For example, a polyimide cylindrical substrate 1 is made in the
below-described method. That is, a polyimide varnish is applied
around a drum-shaped mold having a given outer diameter and length
while the drum-shaped mold is turned, and the mold is heated to
cause imide reaction so that the polyimide cylindrical substrate 1
may be made in a thickness of about 50 .mu.m around the mold.
[0051] Next, in Step S2, an adhesive for the elastic layer is
applied in a film form on the cylindrical substrate 1 so that the
adhesive layer 4 for the elastic layer is formed. To improve the
adhesive strength between the cylindrical substrate 1 and the
adhesive layer 4 for the elastic layer, the adhesive layer 4 for
the elastic layer may be formed in a manner such that an extremely
thin silicon oxide layer is formed on the outer circumferential
surface of the cylindrical substrate 1 and thereafter an adhesive
for the elastic layer is applied around the outer circumference of
the silicon oxide layer.
[0052] Next, in Step S3, the elastic layer 2 is formed on the
adhesive layer 4 for the elastic layer. That is, while the
cylindrical substrate 1 is turned round in the circumferential
direction as shown in FIG. 3, a liquid silicone rubber 2a is
continuously supplied onto the surface of the adhesive layer 4 for
the elastic layer from the ventage of the supply part 12 of a
dispenser 11. As the supply part 12 of the dispenser 11 is moved
continuously along the turning axis of the cylindrical substrate 1,
the liquid silicone rubber 2a is applied spirally around on the
surface of the adhesive layer 4 for the elastic layer. The liquid
silicone rubber 2a thus spirally applied becomes a smooth coating
layer as the neighboring parts of the silicone rubber 2a are united
and further flattened by weight or centrifugal force to form an
even liquid surface. Subsequently, the liquid silicone rubber 2a is
hardened by a heat treatment to form the elastic layer 2.
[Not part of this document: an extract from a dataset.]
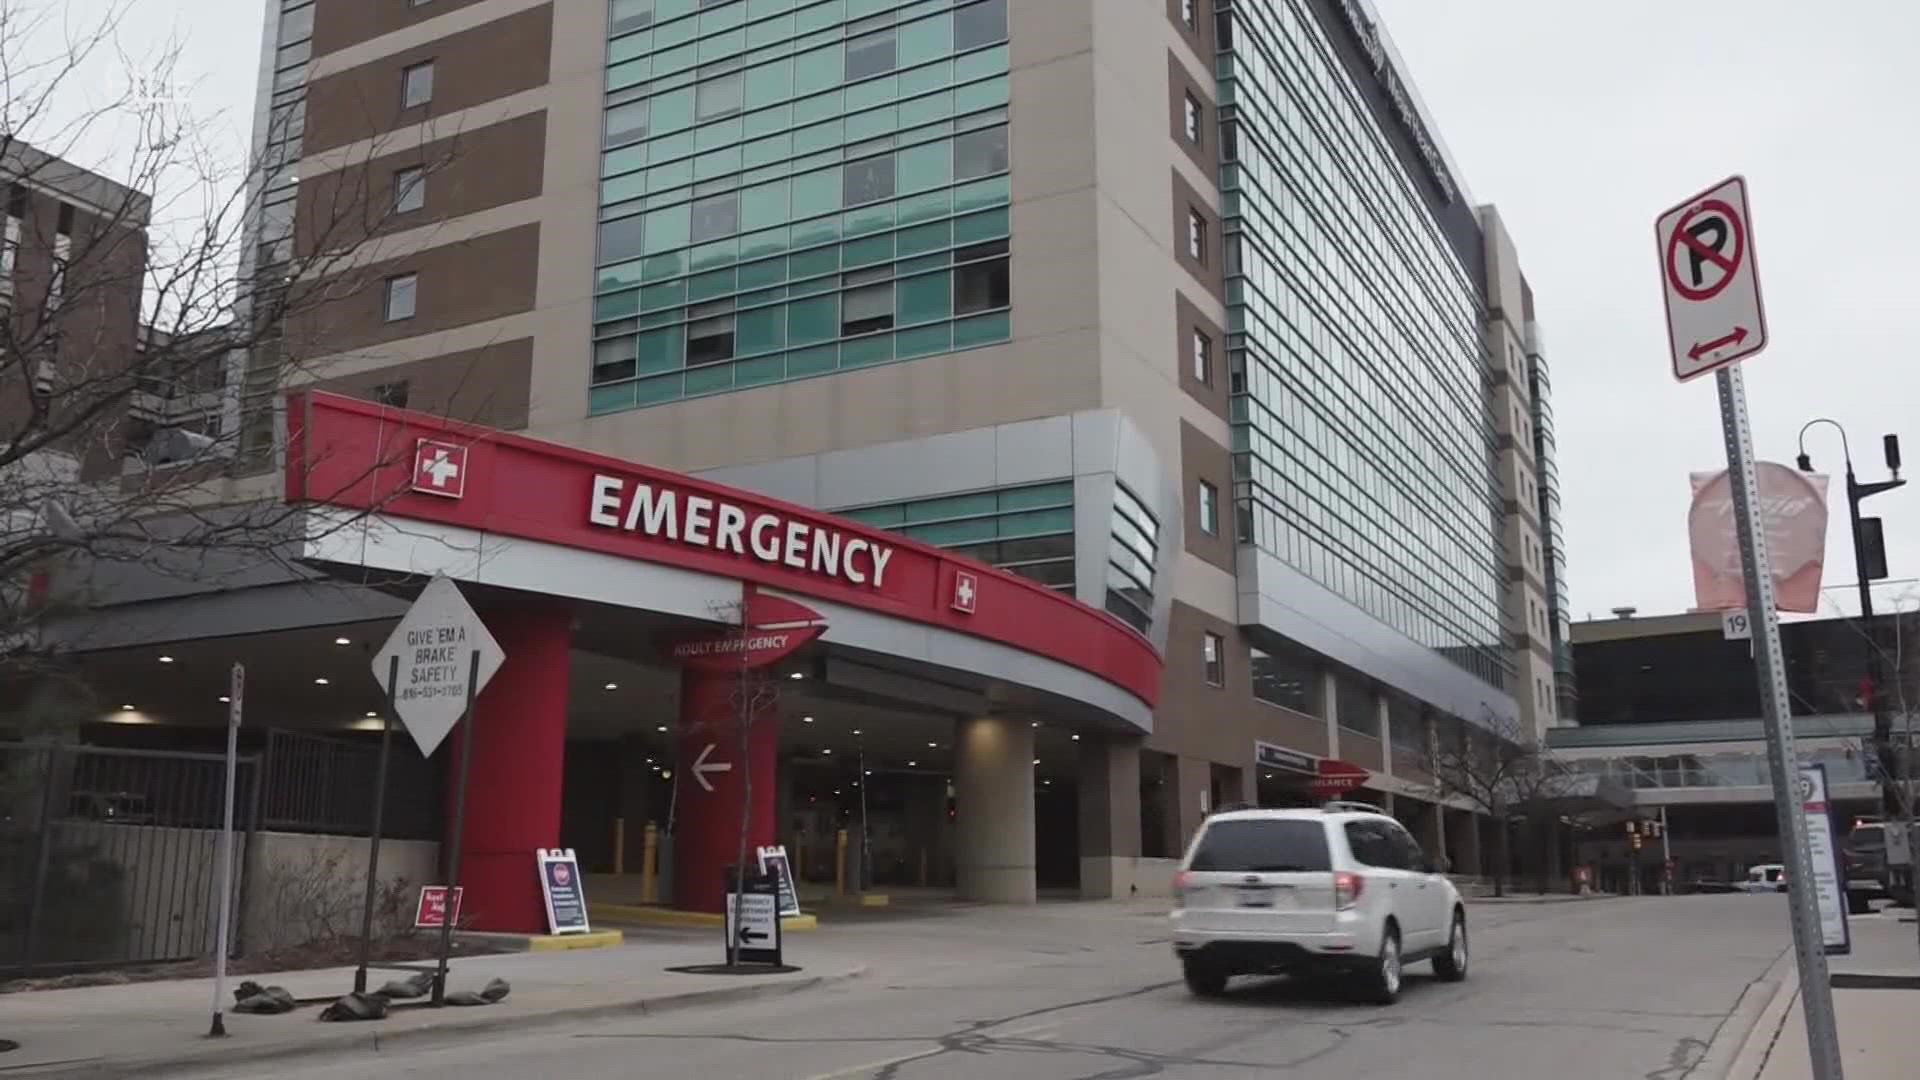 Federal medical staff already helping at Spectrum Health in Grand Rapids will stay for an additional 30 days to help teams strained by COVID-19.

[0053] Next, in Step S4, a surface-layer adhesive material is
applied in a film form onto the elastic layer 2 so as to form the
adhesive layer 5 for the surface layer. As for the surface-layer
adhesive material, the above-mentioned PR-990CL available from Du
Pont-Mitsui Fluorochemicals Co., Ltd. is used. Since the
surface-layer adhesive material is not required to exhibit a
lubrication function, it can be made in a thin thickness (5 .mu.m
or less). Therefore, the heat of a heater arranged inside the
fixing roller/fixing belt spreads efficiently, resulting in
decrease in the thermal loss.
[0054] Next, in Step S5, the surface layer 3 is formed on the
adhesive layer 5 for the surface layer. That is, as shown in FIG.
4, the cylindrical substrate 1 is inserted into the PFA tube 3a,
and the PFA tube 3a having heat shrinkable property is covered on
the adhesive layer 5 for the surface layer. As for the PFA tube 3a,
SMT made by Gunze Limited is used. The PFA tube 3a is designed to
have an inner diameter that is slightly larger than the diameter of
the outer circumference of the elastic layer 2 so that the
cylindrical substrate 1 having the elastic layer 2 formed on the
outer circumferential surface thereof may be inserted smoothly into
the PFA tube 3a.
[0055] Subsequently, by heating at a temperature above the melting
point of the PFA, the PFA tube 3a is heat-shrunk and the PFA of the
PFA tube 3a and the PFA of the adhesive layer 5 for the surface
layer are fused so that the outer circumferential surface of the
elastic layer 2 and the inner circumferential surface of the PFA
tube 3a are bonded together at melting point through the adhesive
layer 5 for the surface layer. Thus, the surface layer 3 having a
smooth outer circumferential surface can be formed on the elastic
layer 2. As a result, the process of squeezing the surface of the
PFA tube 3a is either unnecessary or simplified, enabling a
low-cost fixing roller/fixing belt.
[0056] Although heating is done at a temperature above the melting
point of the PFA in order to achieve bonding at melting point, the
temperature is 310.degree. C., and moreover the heating time is
short. Since such low-temperature bonding is possible, the thermal
deterioration of silicone-based rubber of the elastic layer 2 can
be suppressed.
[0057] Hereinafter, the present invention will be explained in
reference to Examples and Comparative examples.
Example 1
[0058] First, in Step S1, a stainless steel cylinder having an
inner diameter of 24 mm, a wall thickness of 30 .mu.m, and a length
of 279.5 mm was prepared as a cylindrical substrate.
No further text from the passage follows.